The cylinders are cast, accordingly, in the iron foundry, which, as will be seen by the plan, is on the left, as the visitor enters the works. There is a range of monstrous cranes extending through the interior of the room, as represented in the plan, one of which is exhibited conspicuously in the engraving below. At different places in the ground, beneath this foundry, for it has no floor, there have been excavated deep pits, some of which are twelve feet in diameter and eighteen feet deep, the sides of which are secured by strong inclosures, formed of plates of boiler iron riveted together. These pits are filled with moulding sand – a composition of a damp and tenacious character, used in moulding. The mould is made and lowered into one of these pits, the pit is filled up, the sand being rammed as hard as possible all around it. When all is ready, the top of the mould, with the cross by which it is to be lifted and lowered surmounting it, presents the appearance represented on the right hand lower corner of the engraving below.

A reservoir to contain the melted metal necessary for the casting is then placed in a convenient position near it, with a channel or conduit leading from it to the mould. This reservoir may be seen in the engraving near the centre of the view, at the foot of the crane. An inclined plane is then laid, as seen in the engraving, to the left of the reservoir, up which the workmen carry the molten metal in ladles, which, though they do not appear very large, it requires five men to carry. A party carrying such a ladle may be seen in the engraving in the back-ground on the left. These ladles are filled from the various furnaces, the iron throwing out an intense heat, and projecting the most brilliant scintillations in every direction, as it flows. In the case of the largest castings it requires sometimes four or five hours to get together, from the furnaces, a sufficient supply of metal. The largest reservoir thus filled will hold about thirty tons of iron.

The flowing of the metal from the reservoir to the mould in a great casting, forms a magnificent spectacle. The vast mass of molten iron in the reservoir, the stream flowing down the conduit, throwing out the most brilliant corruscations, the gaseous flames issuing from the upper portions of the mould, and the currents of melted iron which sometimes overflow and spread, like mimic streams of lava, over the ground, present in their combination quite an imposing pyrotechnic display. In fact there is a chance for the visitor, in the case of castings of a certain kind, that he may be treated to an explosion as a part of the spectacle. The imprisoned vapors and gases which are formed in the mould below, break out sometimes with considerable violence, scattering the burning and scintillating metal in every direction around.

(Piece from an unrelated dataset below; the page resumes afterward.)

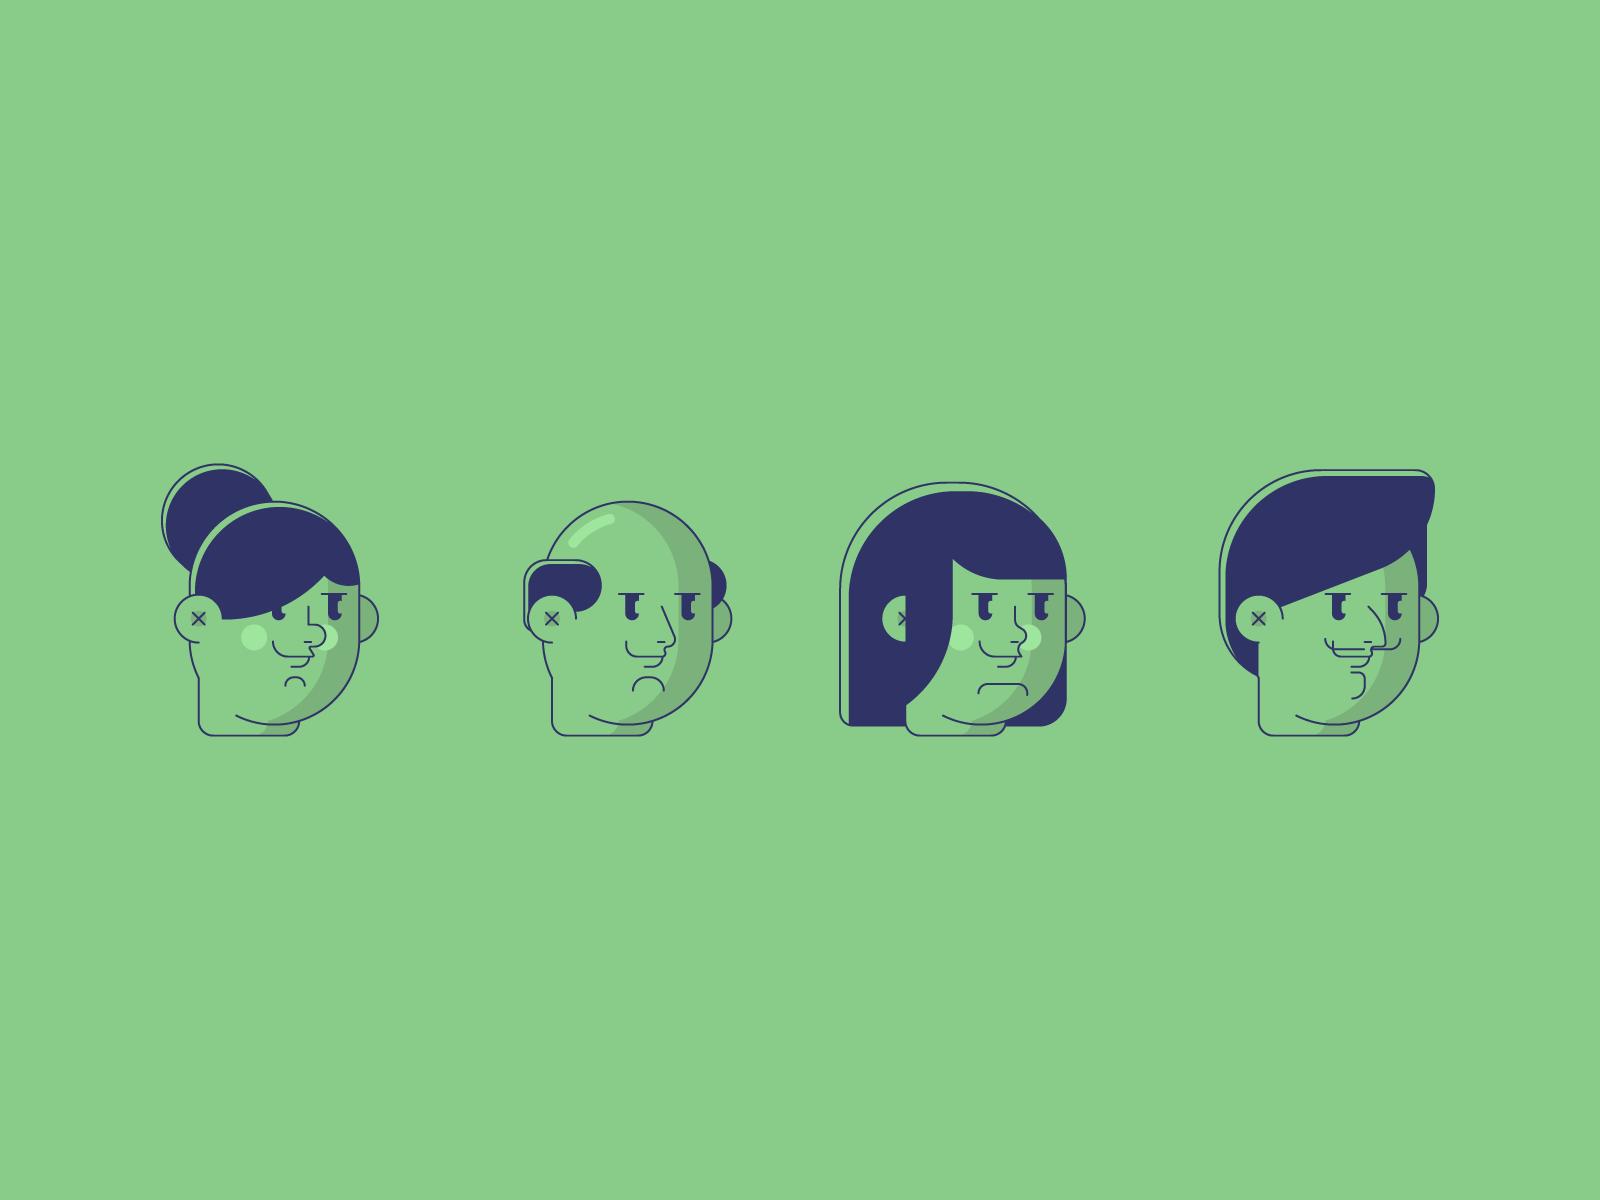 Faces 4x

When the casting is completed it is of course allowed to remain undisturbed until the iron has had time to cool, and then the whole mass is to be dug out of the pit in which it is imbedded. So much heat, however, still remains in the iron and in the sand surrounding it, that the mould itself and the twenty or thirty men engaged in disinterring it, are enveloped in dense clouds of vapor which rise all around them while the operation is proceeding.

It is necessary that the sand which surrounds these moulds should be rammed down in the most compact and solid manner to sustain the sides of the mould and enable them to resist the enormous pressure to which it is subject, especially in the lower portions, while the iron continues fluid. In the case of iron, the weight of four inches in height is equivalent to the pressure of a pound upon the square inch. In a pit, therefore, eighteen feet deep, as some of the pits at this foundry are, we should have a pressure at the bottom of fifty-four pounds to the inch. Now, in the most powerful sea-going steamers, the pressure of steam at which the engines are worked, is seldom more than eighteen pounds to the inch; that of the Cunard line is said to be from twelve to fifteen, and that of the Collins line from fifteen to eighteen. In other words there is a pressure to be resisted at the lower ends of these long castings equal to three times that at which the most powerful low pressure engines are worked, and which sometimes results in such terrific explosions.